Robert Lewis documents how manufacturers, attracted to greenfield sites on the city's outskirts, began to build factory districts there with the help of an intricate network of railroad owners, real estate developers, financiers, and wholesalers. These immense networks of social ties, organizational memberships, and financial relationships were ultimately more consequential, Lewis demonstrates, than any individual achievement. Beyond simply giving Chicago businesses competitive advantages, they transformed the economic geography of the region. Tracing these transformations across seventy-five years, "Chicago Made" establishes a broad new foundation for our understanding of urban industrial America.
Industry Reviews
"Well-written, concise, packed with elegant summaries of detailed information . . . Chicago Made is a masterful contribution to our understanding of American industrial districts and urban growth processes. . . . Innovative and informative."`--Gordon M. Winder "Journal of Economic Geography"

"Chicago Made is a singular achievement. It is an invaluable addition to the history of Chicago; the 'city of broad shoulders' now has a definitive study of its industrial sinews. Moreover, it is the best study of industrialization in any American city since Scranton's history of Philadelphia textiles and Vernon and Hoover's great survey of the New York metropolitan region. And, more than just good history, Chicago Made is a major theoretical contribution that bears close analysis by economists and geographers."

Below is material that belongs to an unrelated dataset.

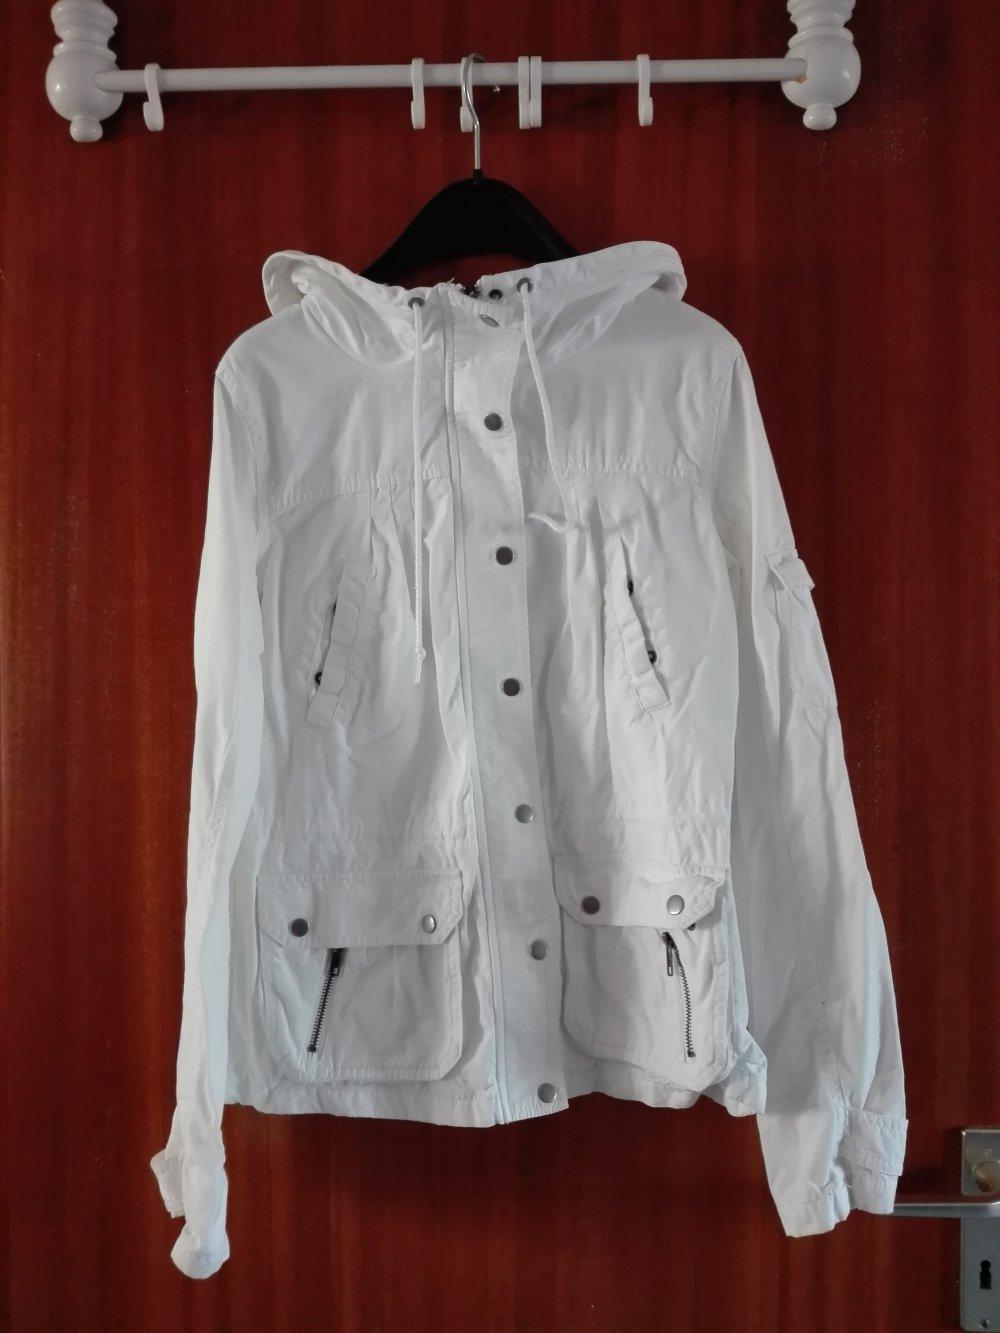 57acd428400885 Weiße Sommerjacke 40 H&M :: Kleiderkorb.de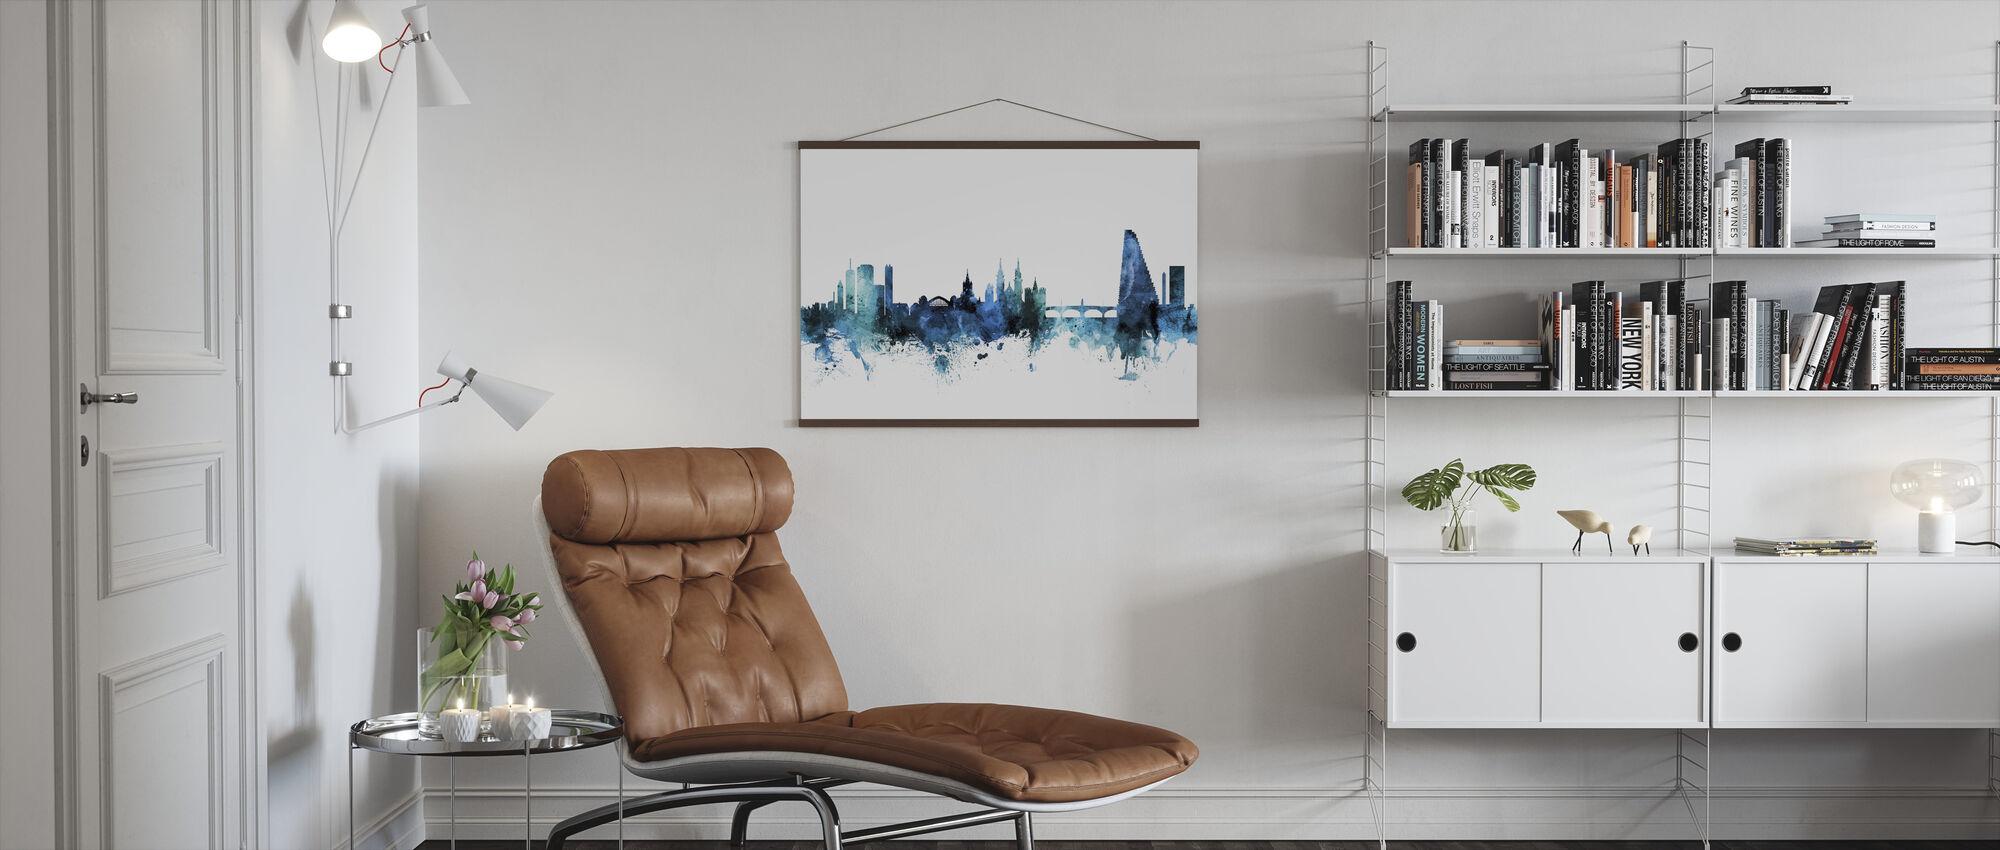 Skyline van Basel Zwitserland - Poster - Woonkamer

--Richard A. Walker, author of The Country in the City

"Robert Lewis is a creative historian who, in this ambitious exploration of Chicago's industrial geography between the Civil War and the Great Depression, tackles a very broad subject in an interesting way. He has done a monumental job of tracing the links between Chicago businesses during that period. This work adds considerably to our knowledge of Chicago's history and urban history more generally."

--Ann Durkin Keating, author of Chicagoland

"Theoretically sophisticated and exhaustively researched, Robert Lewis's Chicago Made is a compelling, inclusive, and badly needed analysis of the Second City's vast industries and their extraordinary (and extraordinarily complex) spatial and economic networks. Essential reading for urban, suburban, business, labor, and social historians, for geographers of all stripes, and for Chicagoans who sometimes wonder where their metropolis's factories and railways came from. If you've read Cronon on Chicago, now read Lewis."

--Philip Scranton, author of Figured Tapestry

"Without question, this book is the best interpretation to date of Chicago's industrial development from the late nineteenth to the early twentieth century. Even as Chicago has been touted as the epitome of American urban-industrial growth, the specifics of its internal expansion have remained opaque. Robert Lewis's contribution is to demonstrate that the key actors--individuals and their firms--operated through highly structured and extensive networks that must have provided competitive advantages to the city's industrialists. While individual achievements were consequential, Lewis shows that these industrialists were embedded in this immense set of networks, making the collective perhaps more important than any one individual or firm."